Only one span is wanted from the lines below: from the one with "Application and Permit" up to and including the one with "5 Reliability Analysis". Copy it exactly, without images.

_Entries supplied_:
===

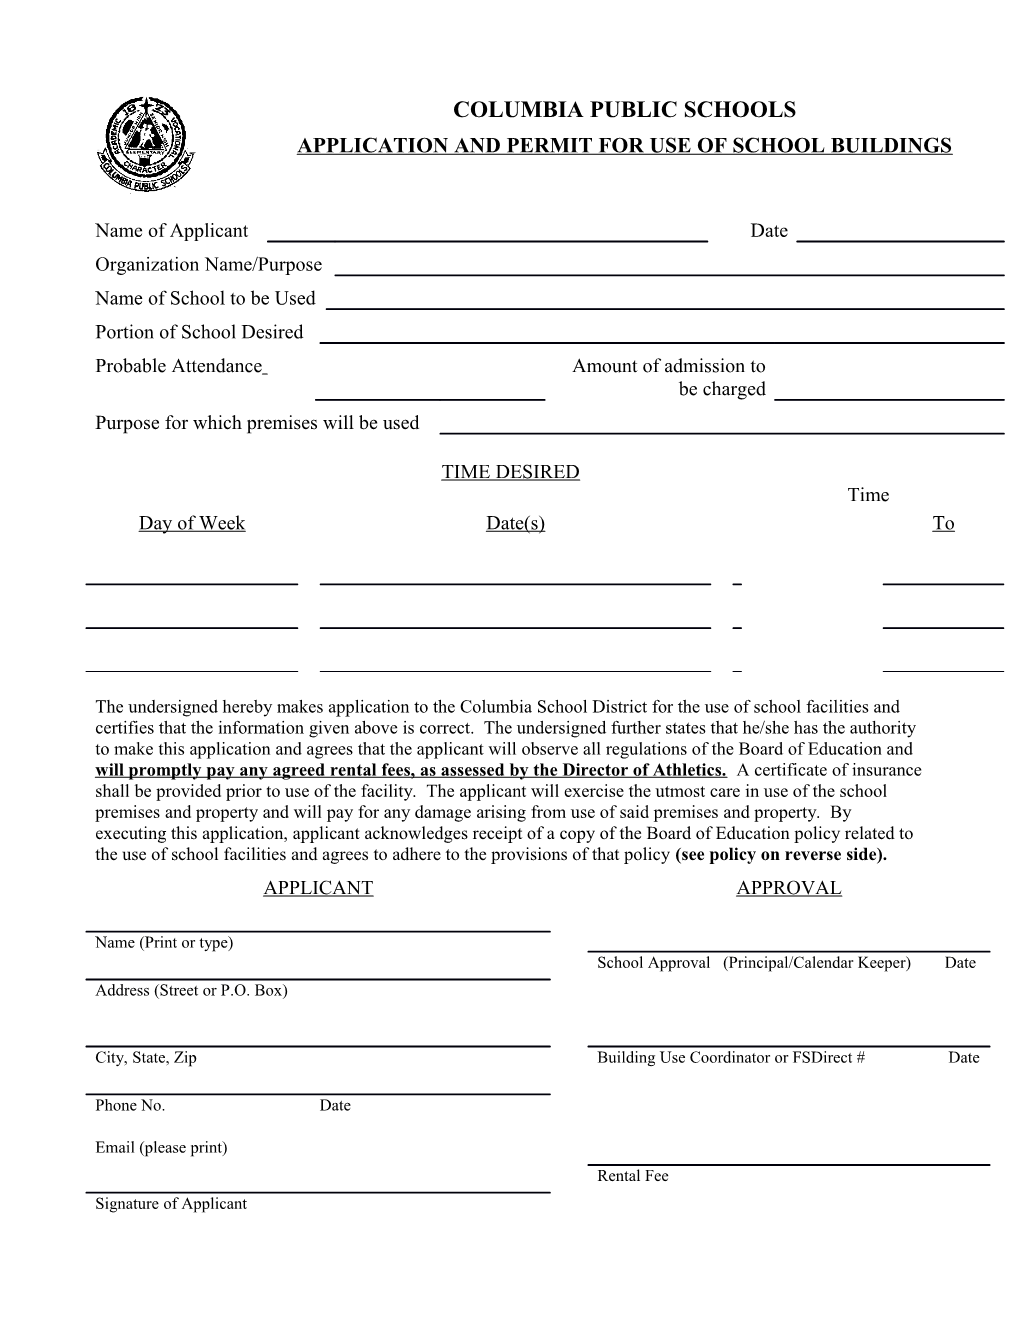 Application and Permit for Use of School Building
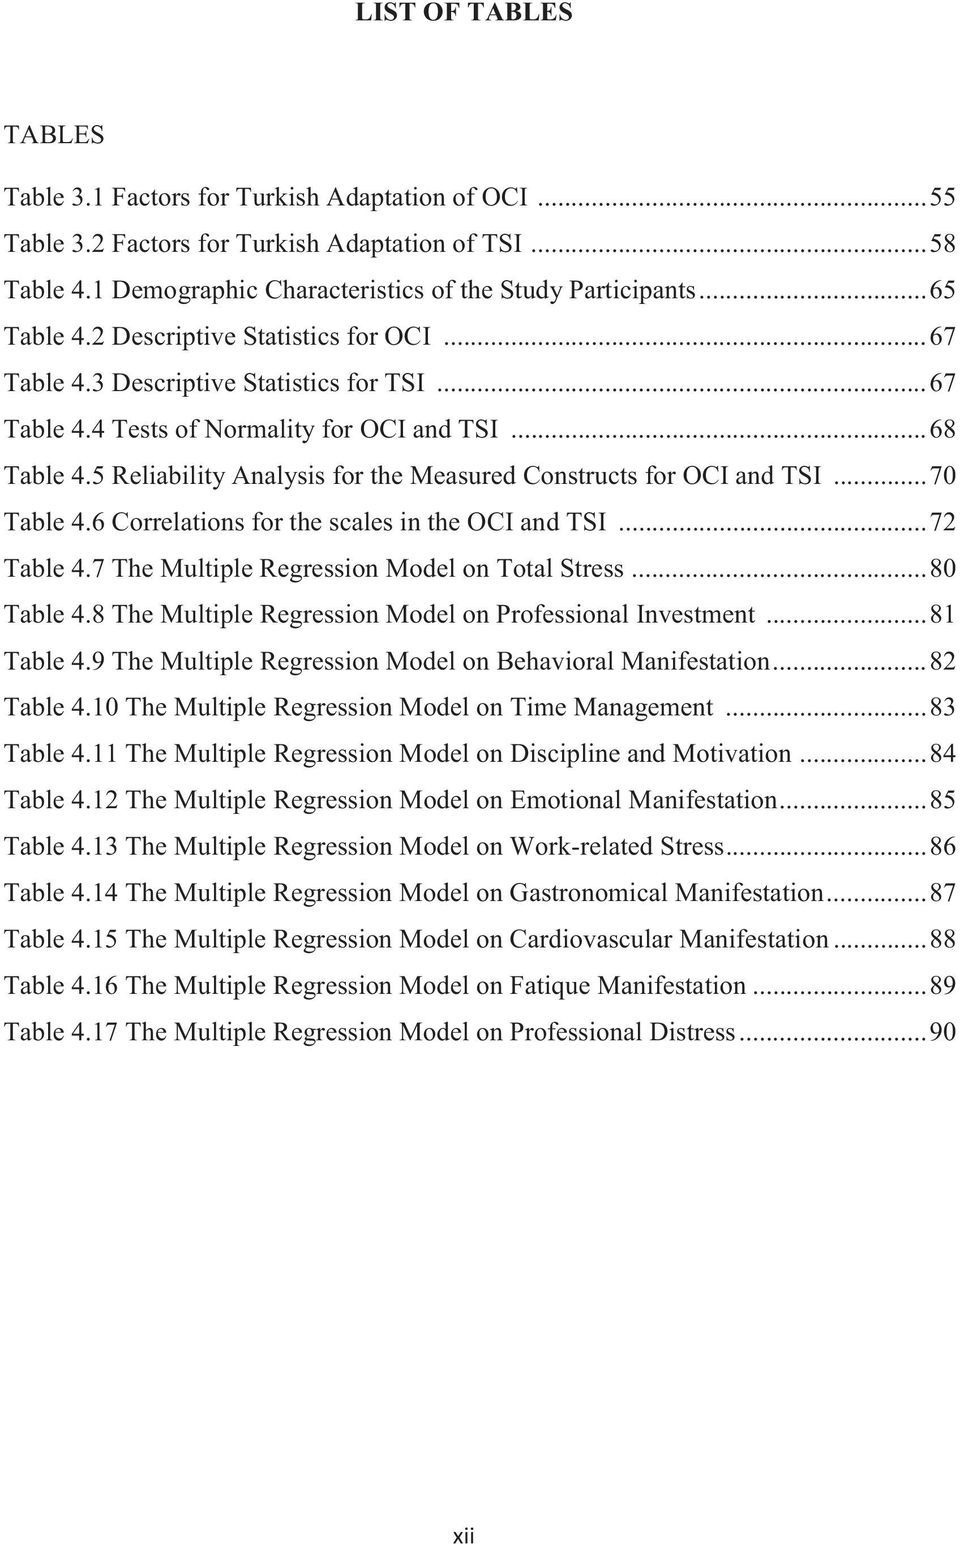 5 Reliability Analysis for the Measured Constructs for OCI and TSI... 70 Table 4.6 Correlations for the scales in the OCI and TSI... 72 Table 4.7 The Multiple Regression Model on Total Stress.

===

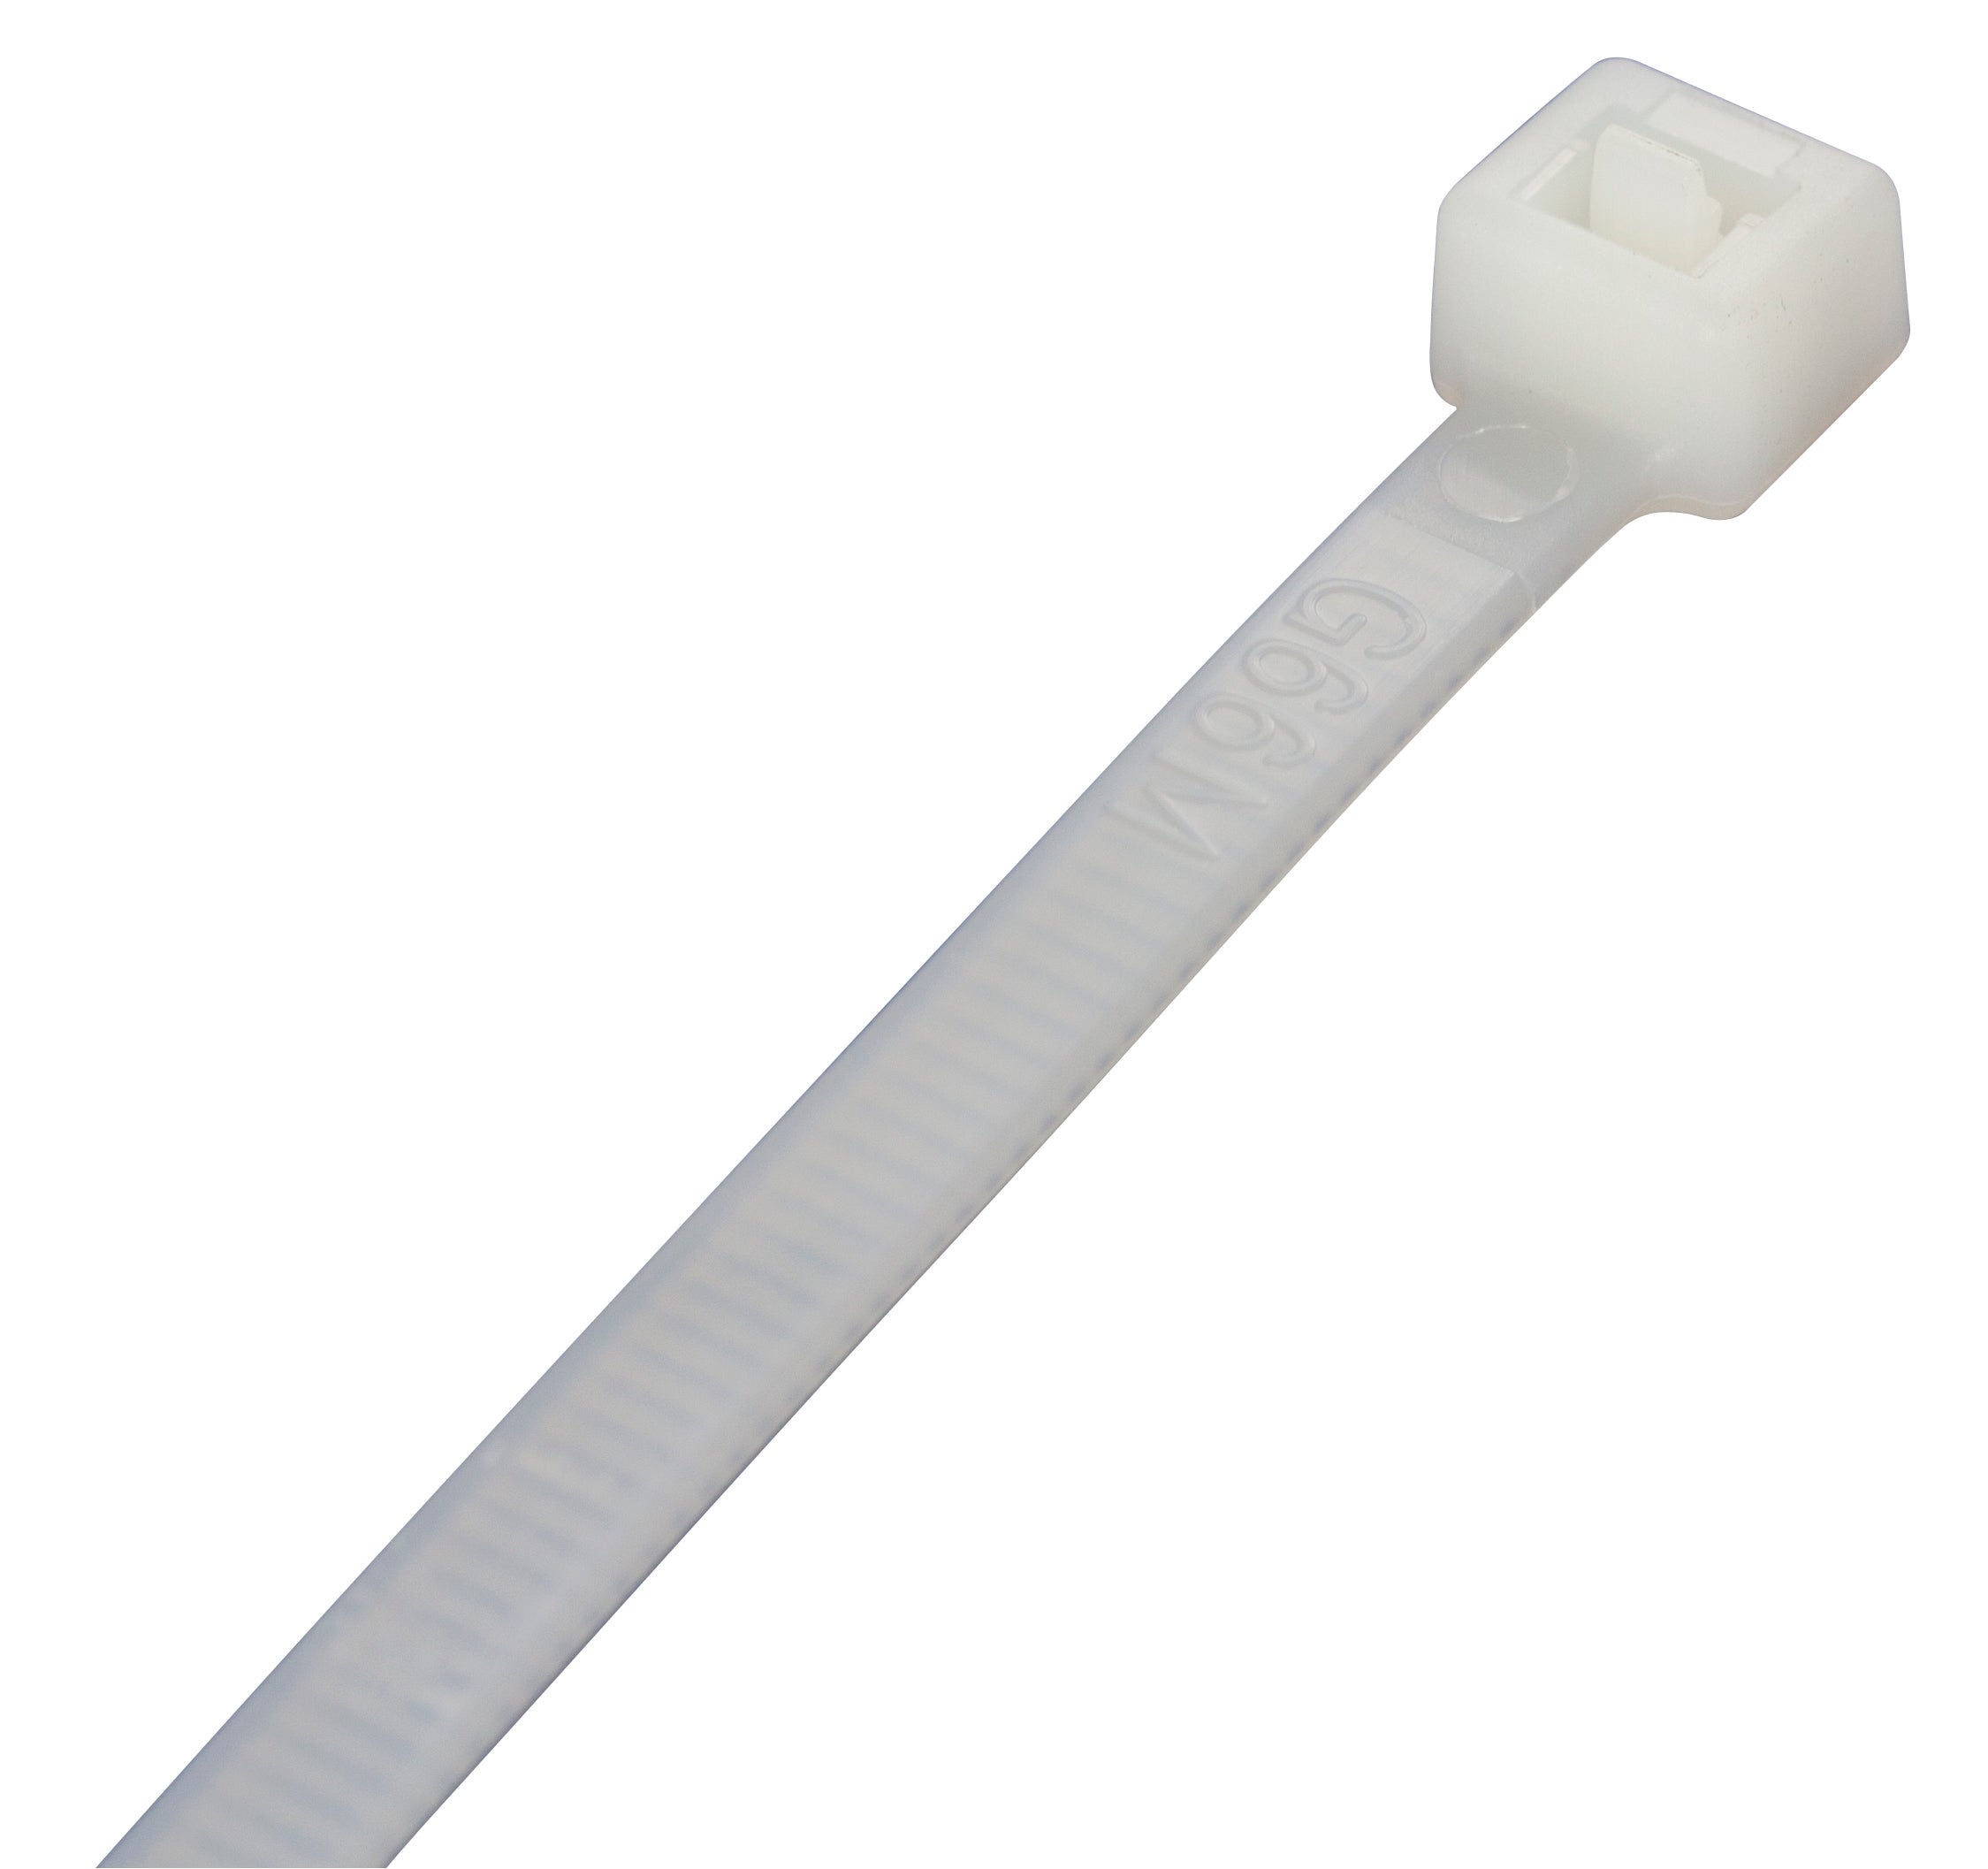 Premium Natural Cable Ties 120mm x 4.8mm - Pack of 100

===

_Task solution_:
 Application and Permit for Use of School Building
 5 Reliability Analysis for the Measured Constructs for OCI and TSI... 70 Table 4.6 Correlations for the scales in the OCI and TSI... 72 Table 4.7 The Multiple Regression Model on Total Stress.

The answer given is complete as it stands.